L’analyse esthétique a de ce fait ouvert à une dimension anthropologique de la recherche concernant la mémoire : enquêter auprès des artistes, mener des entretiens, mais aussi observer les traces mémorielles à même le corps et la danse (mémoire en acte dans l’instant de l’effectuation du geste). Cette pratique de terrain m’a donc conduite (alors que rien ne m’y avait préparée) à réfléchir à mon positionnement et mon activité de chercheuse dans ce contexte. Que ma présence au studio réponde à une invitation de la chorégraphe facilitait mais ne suffisait pas à justifier complètement ma présence. C’était également découvrir une autre dimension de mon travail perceptif, celle liée aux effets de ma présence face aux acteur·rice·s, mais aussi parmi eux (j’ai en effet partagé le cours technique et les ateliers). Ce qui s’est joué là, dans la relation, a été décisif quant à la compréhension du travail par ma pratique, mais aussi quant à la teneur des témoignages recueillis, répondant à la confiance que chacun·e a pu m’accorder.

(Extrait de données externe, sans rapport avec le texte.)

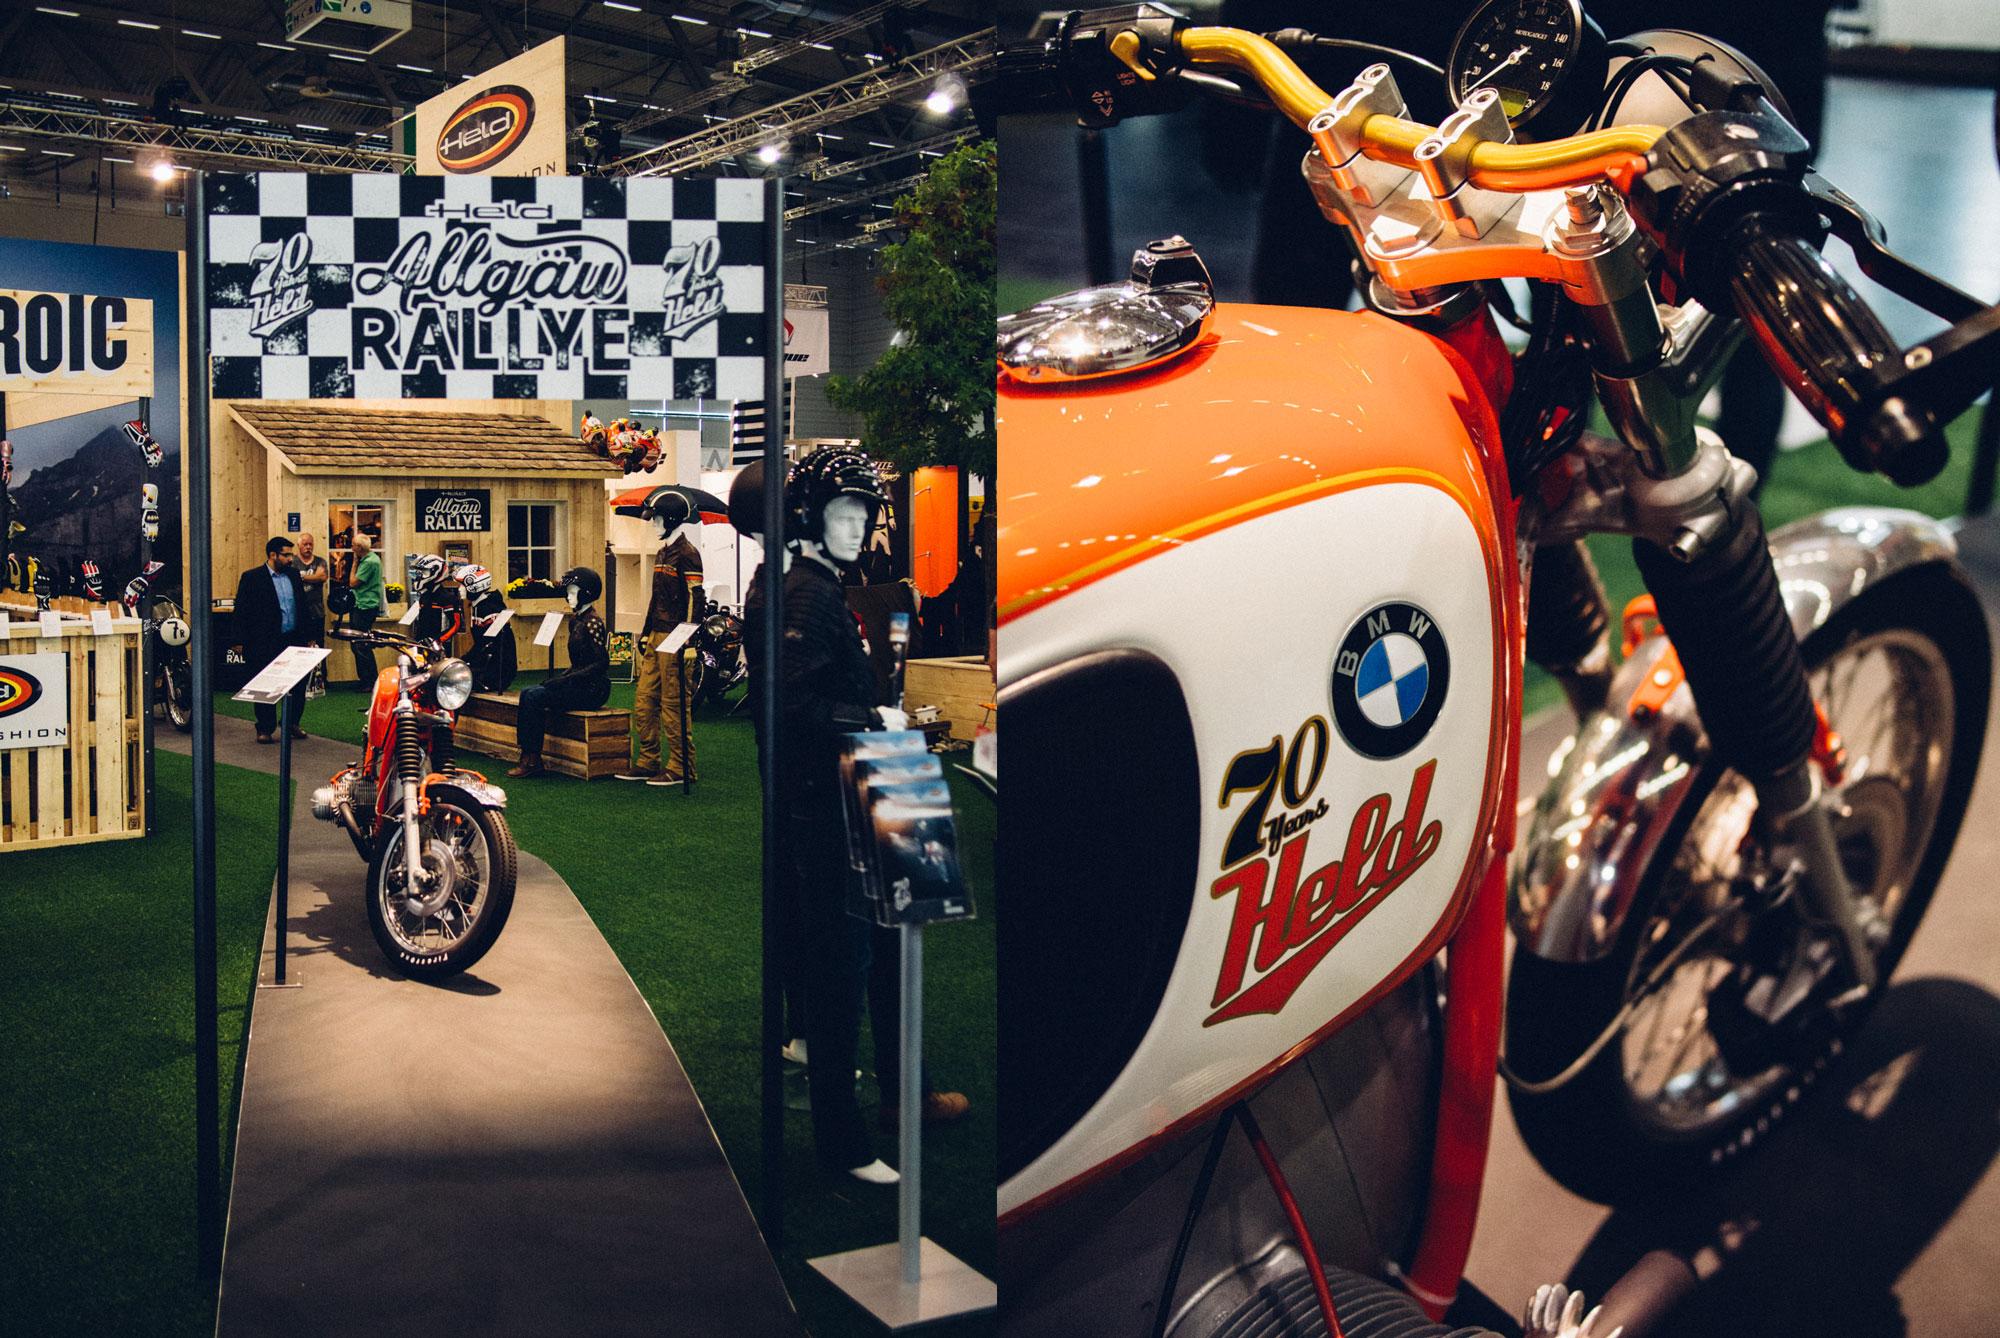 Ein Zwei Fotos des 70-Jahre-Held-Messestandes. Links sieht man das Gewinnspiel-Motorrad auf der Rennstrecke stehen, rechts sieht man groß den Tank der Maschine mit BMW Motorrad und HELD-Logos. Konzept und Design sind von MAJORMAJOR.

S’il s’agissait de « témoigner du travail », il fallait aussi « documenter l’œuvre » – une œuvre qu’Odile Duboc considérait comme déterminante dans son parcours. Mon analyse ne s’est donc plus donnée pour seul enjeu de dégager les caractéristiques esthétiques d’une œuvre (chap. « Figurer l’infini »), mais également de rendre compte de l’histoire de celle-ci depuis sa création jusqu’à sa reprise (chap. « Les dessous d’une œuvre » et « Feuilleté de temps ») et de témoigner des fondements du travail pratique et technique d’Odile Duboc (chap. « Entrer en matière »). L’occasion donnée de pouvoir consacrer un livre entier à une seule œuvre a permis de construire une analyse polyphonique : d’abord s’y croisent des perspectives théoriques différentes et néanmoins complémentaires (esthétique, histoire et mémoire, analyse des pratiques), ensuite diverses formes d’existence de l’œuvre se combinent – esthétique, critique, mémorielle et comme processus –, enfin mon point de vue est équilibré par celui de l’ensemble des acteur·rice·s du projet laissant apparaître des zones de tension ou contrastes et, cas plus rare dans l’histoire de la critique, le récit n’est pas dominé par celui de la chorégraphe. En effet,

le système de l’art tend à construire des récits autorisés portés le plus souvent par le ou la chorégraphe au détriment d’une complexité de l’existence de l’œuvre. Ce livre rend compte du travail collectif qui sous-tend une œuvre chorégraphique et répond à sa manière au débat politique relatif au statut et au métier d’interprète en danse qui a cours en France, en particulier depuis les années 199068 (cf. « Savoirs et métiers : l’interprète en danse », II.6). Odile Duboc a d’ailleurs été l’une de celle à interpeller sur ces questions69.